Dataset section:
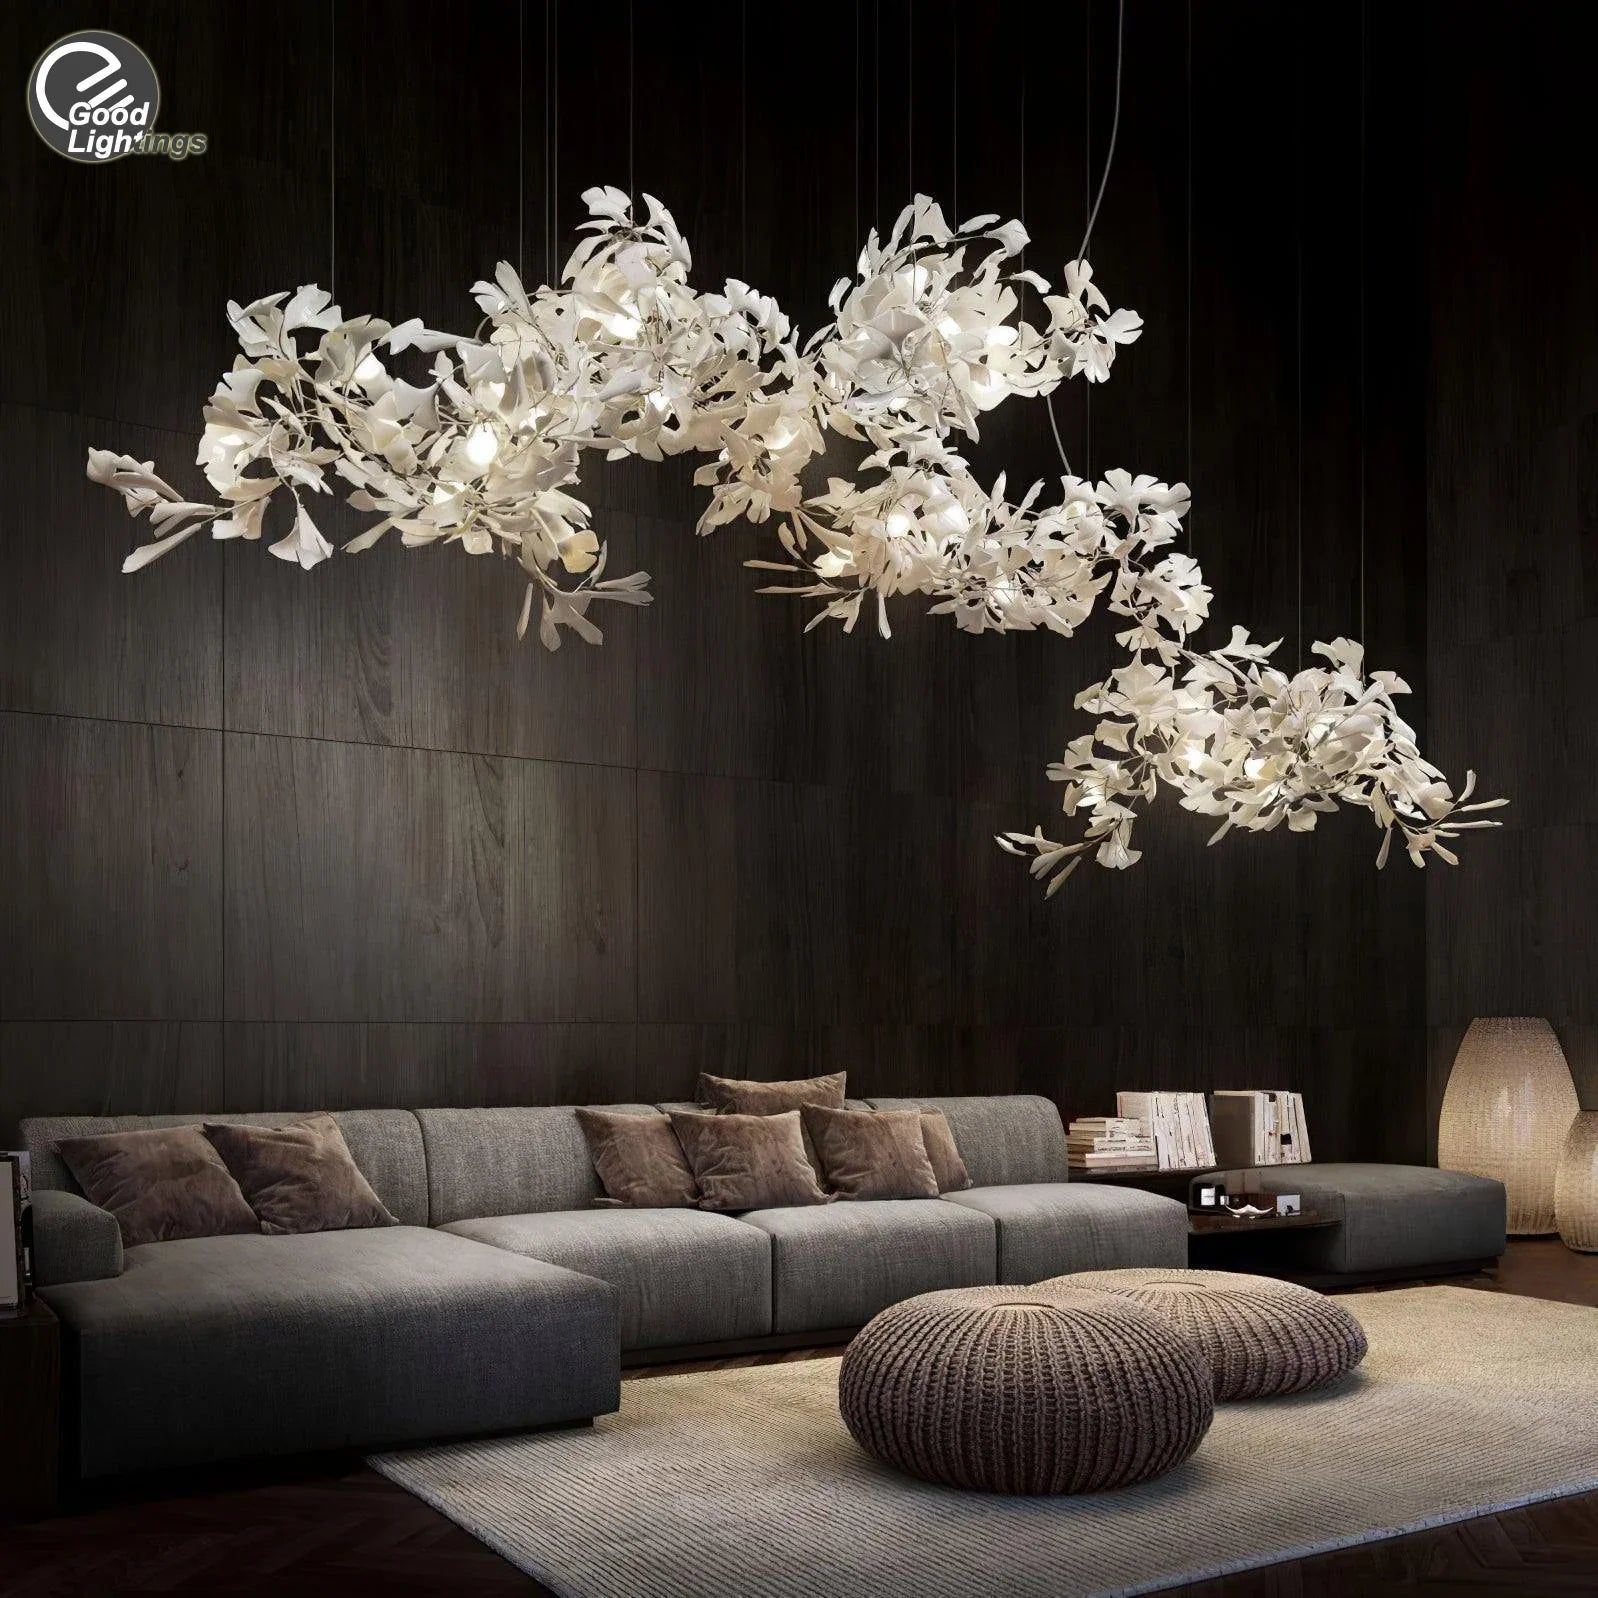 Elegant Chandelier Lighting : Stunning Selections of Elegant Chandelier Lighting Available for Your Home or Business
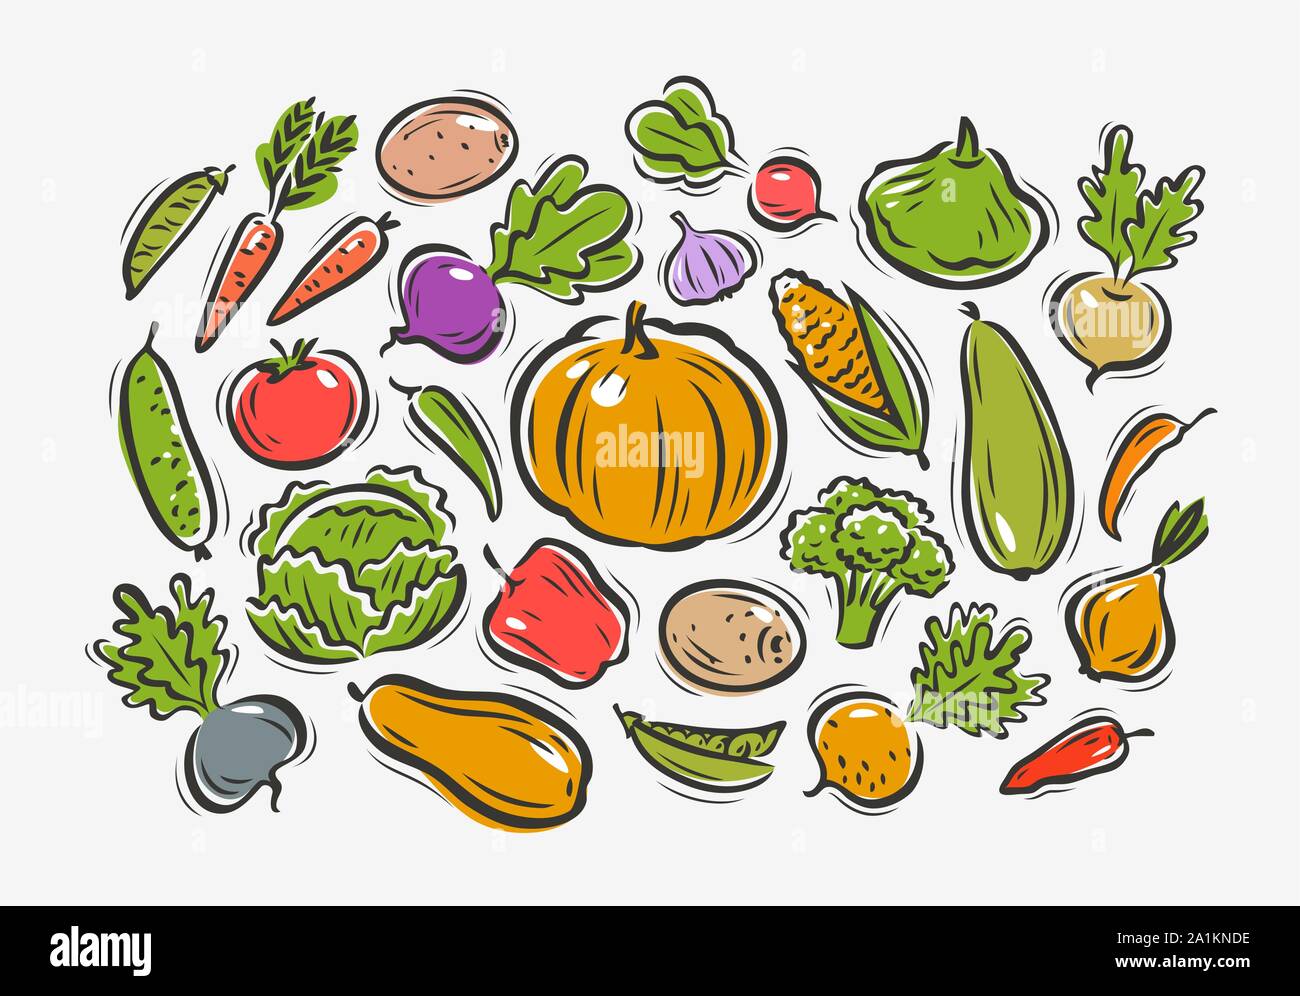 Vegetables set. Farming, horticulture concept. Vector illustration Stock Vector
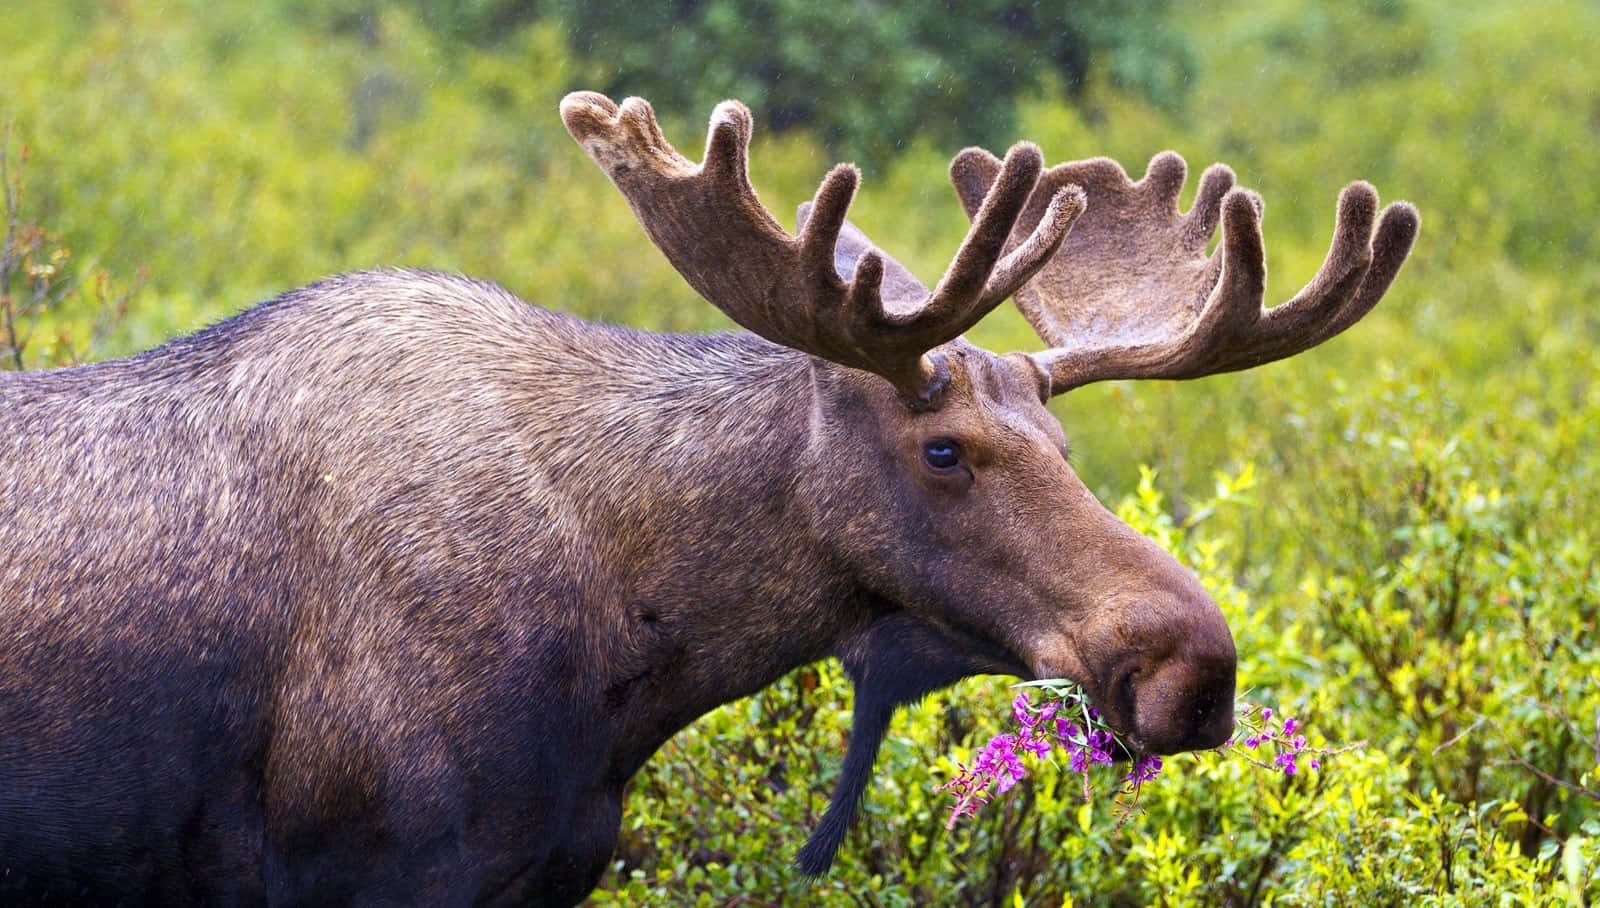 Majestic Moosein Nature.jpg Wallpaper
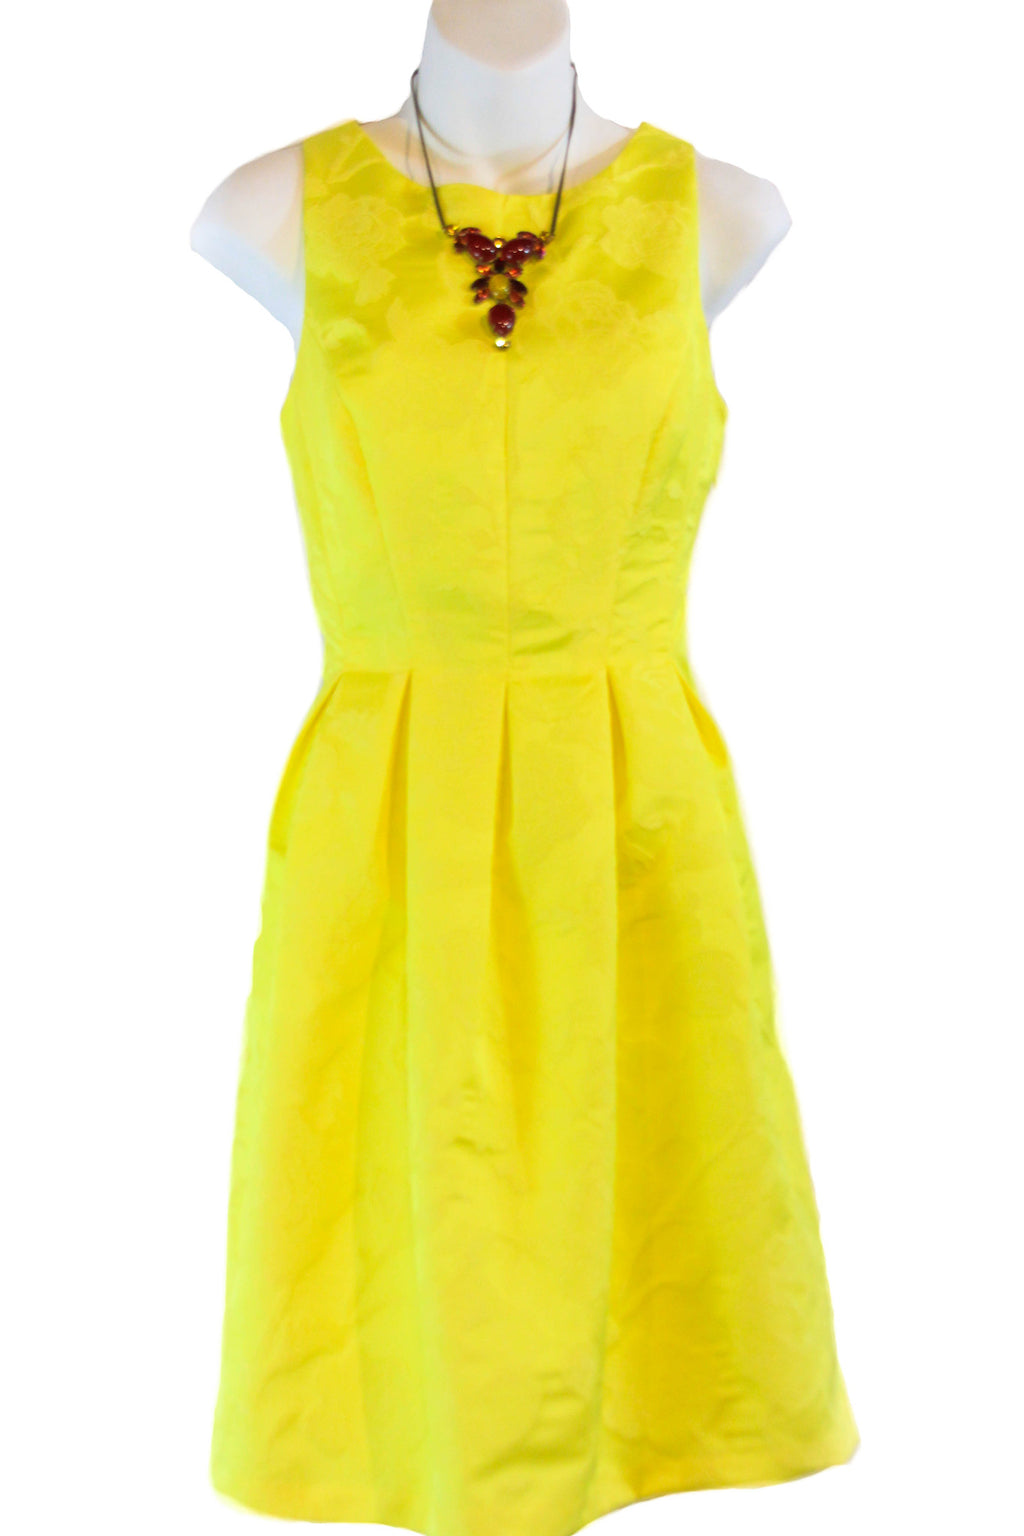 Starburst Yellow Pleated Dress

Directions for this task:
Leave out every picture and copy verbatim the lines running from the line containing "Majestic Moosein Nature.jpg Wallpaper" through the final line of the data.

Answer area:
 Majestic Moosein Nature.jpg Wallpaper
 Starburst Yellow Pleated Dress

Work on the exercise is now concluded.